Our Lady of Angels Cemetery

     Mulder barely heard his cell phone ringing over the growl of the backhoe that was exhuming the body of Jessica Kazmerski, victim number five.

     "Hey, Mulder, it's Langly."

     "It's about time, Langly. What did you guys find?"

     "Dude, you already know the answer to that. Branched DNA. Same mojo-all six samples. Pretty far out, huh?"

     "Yeah, it's pretty far out all right, but not exactly your typical abduction scenario."

     "How's that?" Frohike asked. Mulder realized he was probably on speakerphone.

     "None of these women experienced missing time, sought psychiatric help for recurrent nightmares-nothing. There's no common denominator here, except they all lived in Seattle and died within a month of each other. Right now we're exhuming the other five bodies to look for implants. Scully found one in victim number six last night."

     Byers spoke up. "Mulder, if you want to email their files to us, I can run a probability algorithm on the raw data. Maybe there's something else you're not picking up on."

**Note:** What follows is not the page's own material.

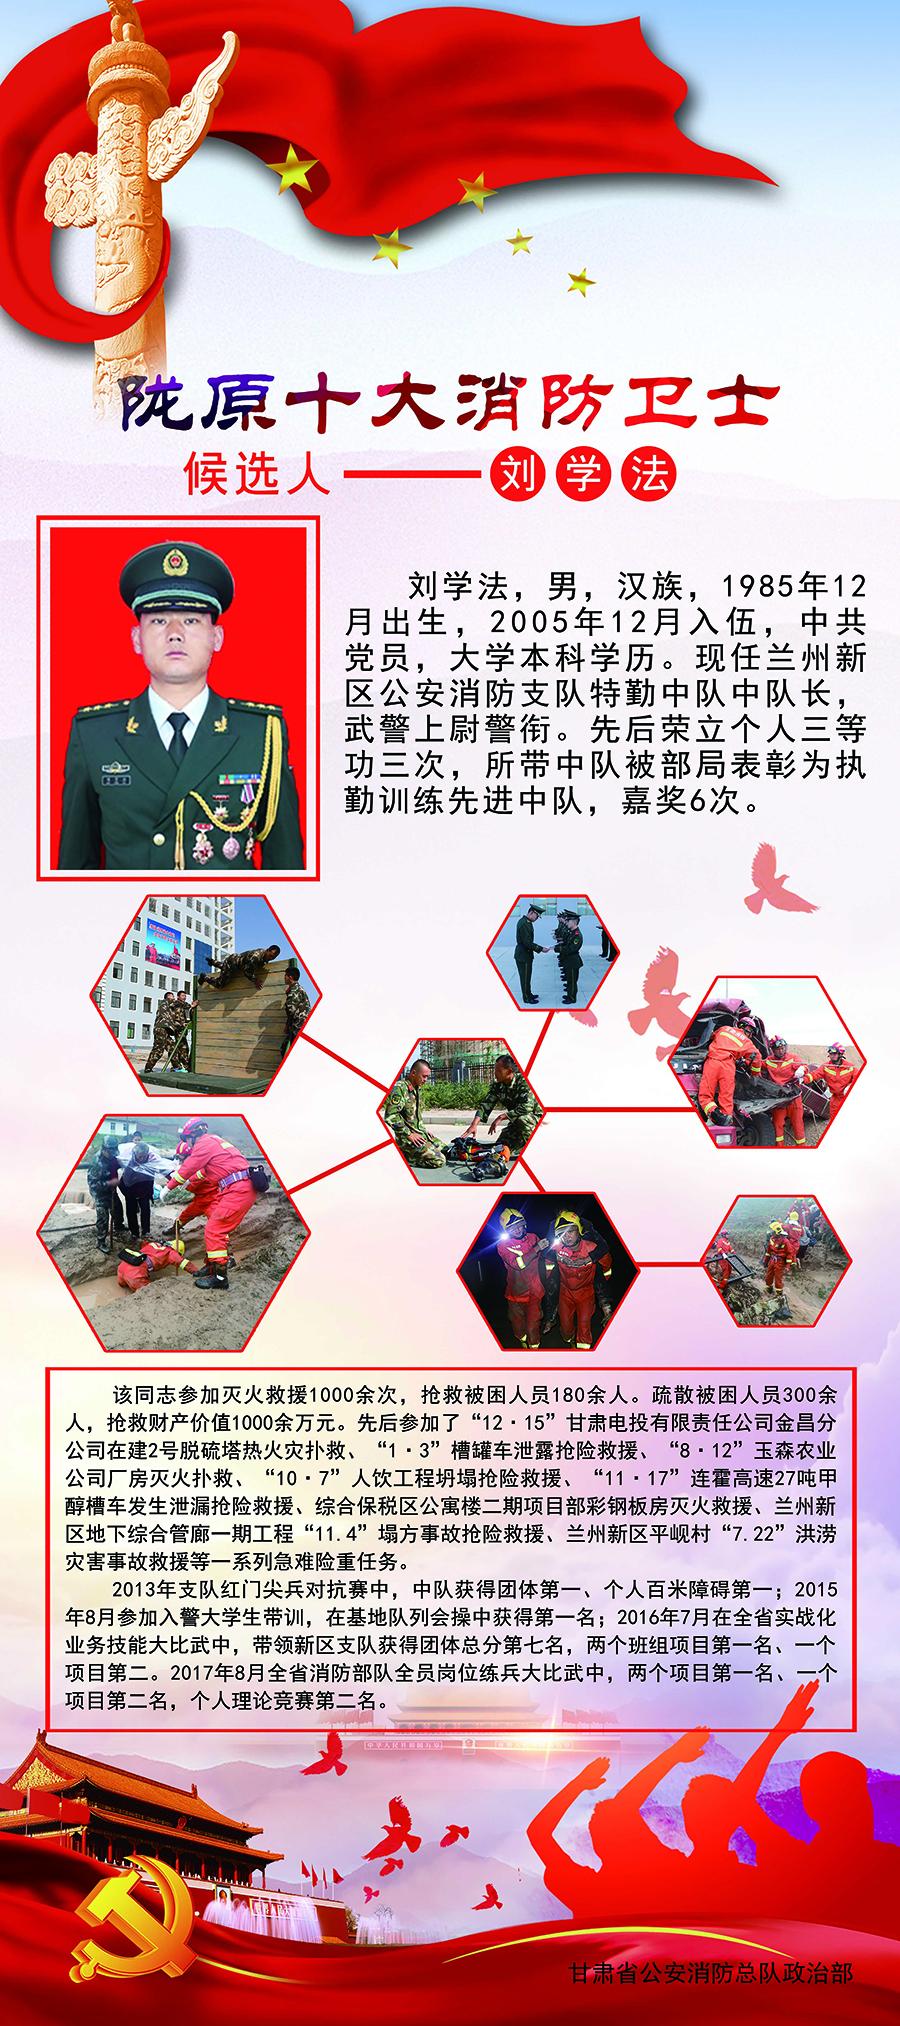 刘学法 海报

     Mulder squinted against the rain that was running into his eyes from his dripping hair. "Yeah, we could try that. Hey, look-not that I doubt your talents or anything, gentlemen, but I'm having Quantico look at the blood samples, too."

     "That's fine with us," Frohike said. "I'm sure our work will stand up to confirmation by an independent laboratory."

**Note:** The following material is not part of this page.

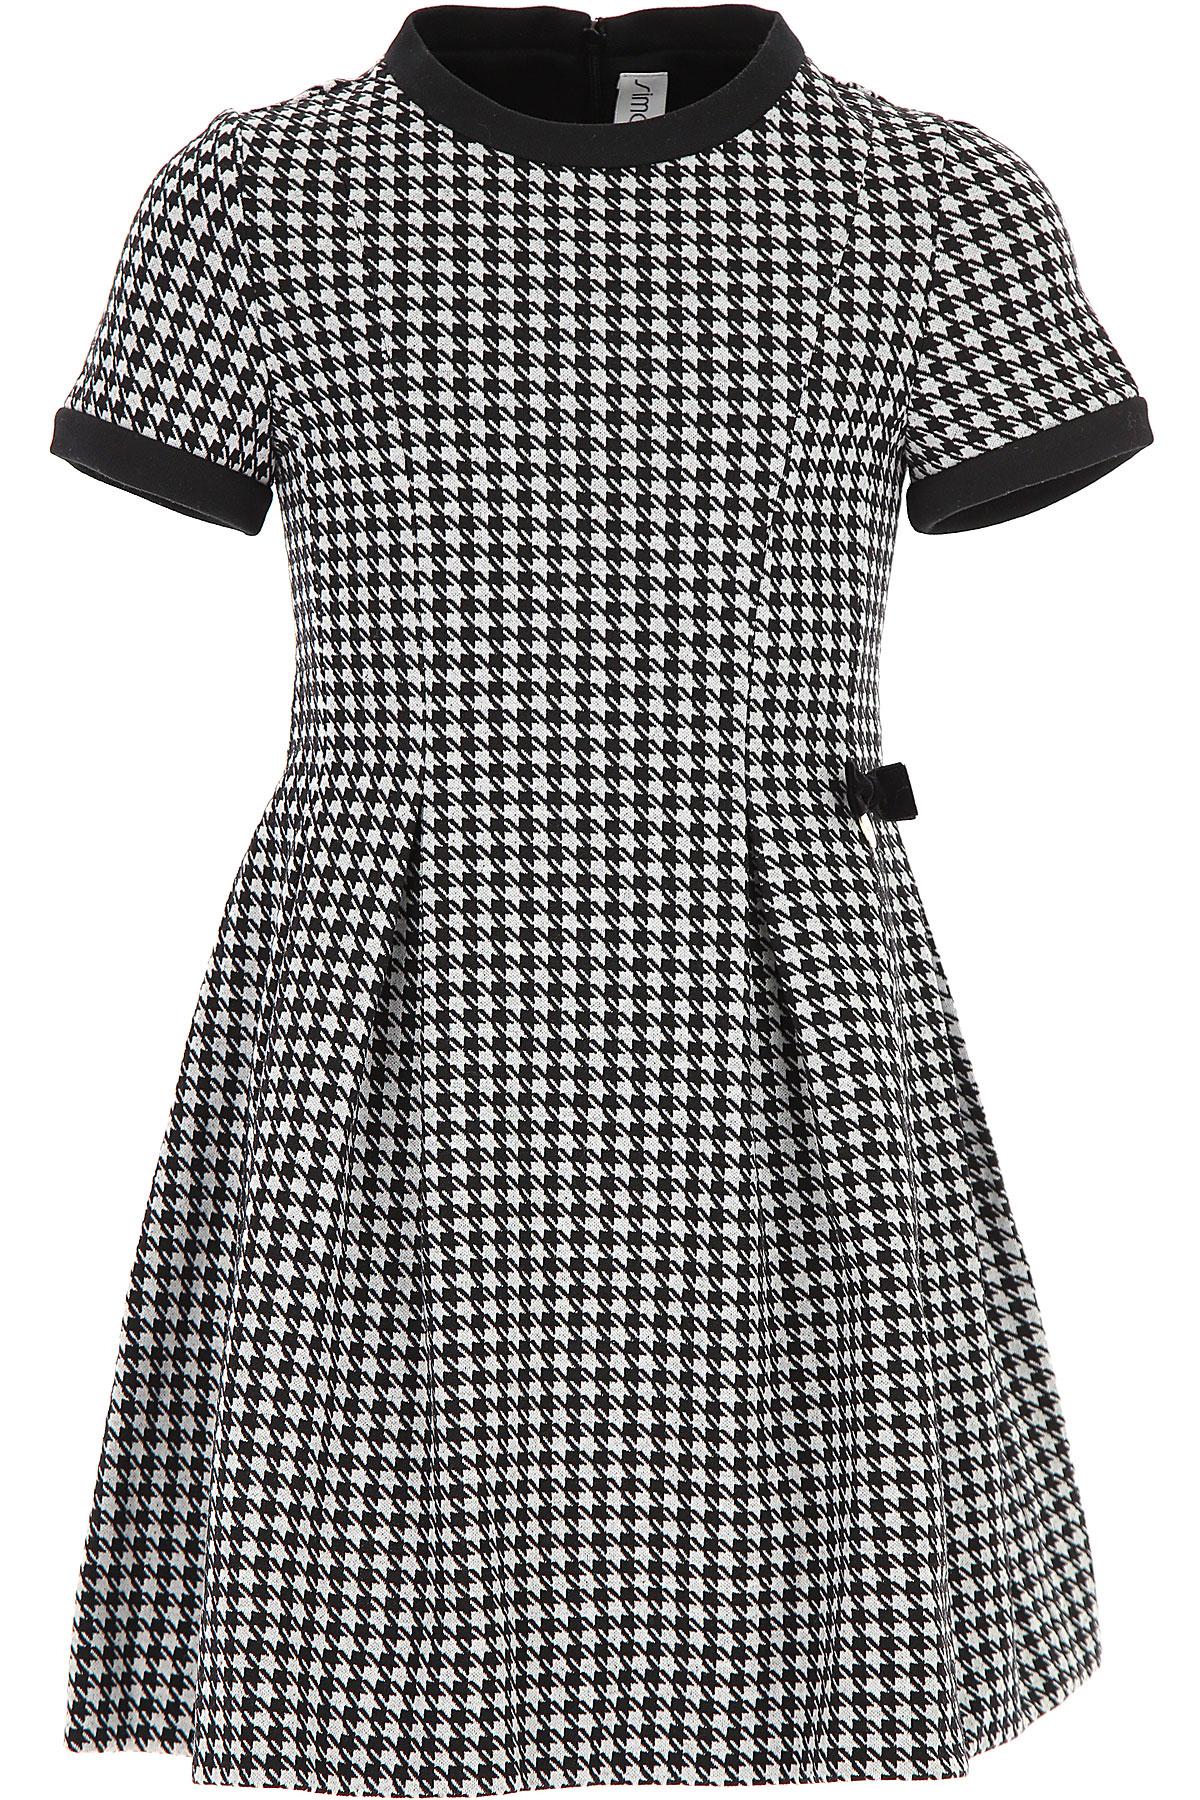 Image of Simonetta Girls Dress, Black, polyamide, 2017, 10Y 14Y 16Y 6Y 8Y

     Mulder didn't miss the irony in Frohike's tone. The Gunmen knew very well that he was testing more than one hypothesis by sending the blood to Quantico.

      He switched off his phone and looked back at the gravesite. The backhoe had finished it's gruesome, muddy work and the casket was being reeled in from the depths of the earth on a series of pulleys and ropes. His cell phone rang again.

     "Mulder, it's Scully. Dave Franz at Quantico just called me. He said he couldn't get through to you."

     He sighed heavily, relieved to hear her voice. It meant she hadn't left yet. "Yeah, I was on another call."

     "Look, he said they found nothing genetically awry in any of the six samples."

     He shut his eyes and suppressed an expletive, throwing a shadow punch against the rain-thick air. He was furious, despite the fact that he had predicted this outcome more than twelve hours ago. "Scully, that's impossible!"

     Her silence conveyed her disagreement. "So I take it the Lone Gunmen found what you expected?" she finally offered.

     "Scully, I think what you found last night would support their findings, wouldn't it?"

     "How, Mulder?" Her voice was strangely patient despite her exasperation. "No clear scientific link was ever drawn between the implant and branched DNA."

     He silently agreed with her. It was the missing link. One of thousands of logical gaps she had pointed out to him during her tenure with the X Files. "Scully, Quantico's finding only confirms my suspicion that the government is somehow responsible for all this."

     Scully's heart ached to hear the futility in his voice. Here was one more cover-up he'd spend the rest of his breathing days trying to uncover. In vain, unless she could somehow. Then she realized it. Maybe there was a way she could help him pull back the veil of deceit. Maybe she could even do it her way.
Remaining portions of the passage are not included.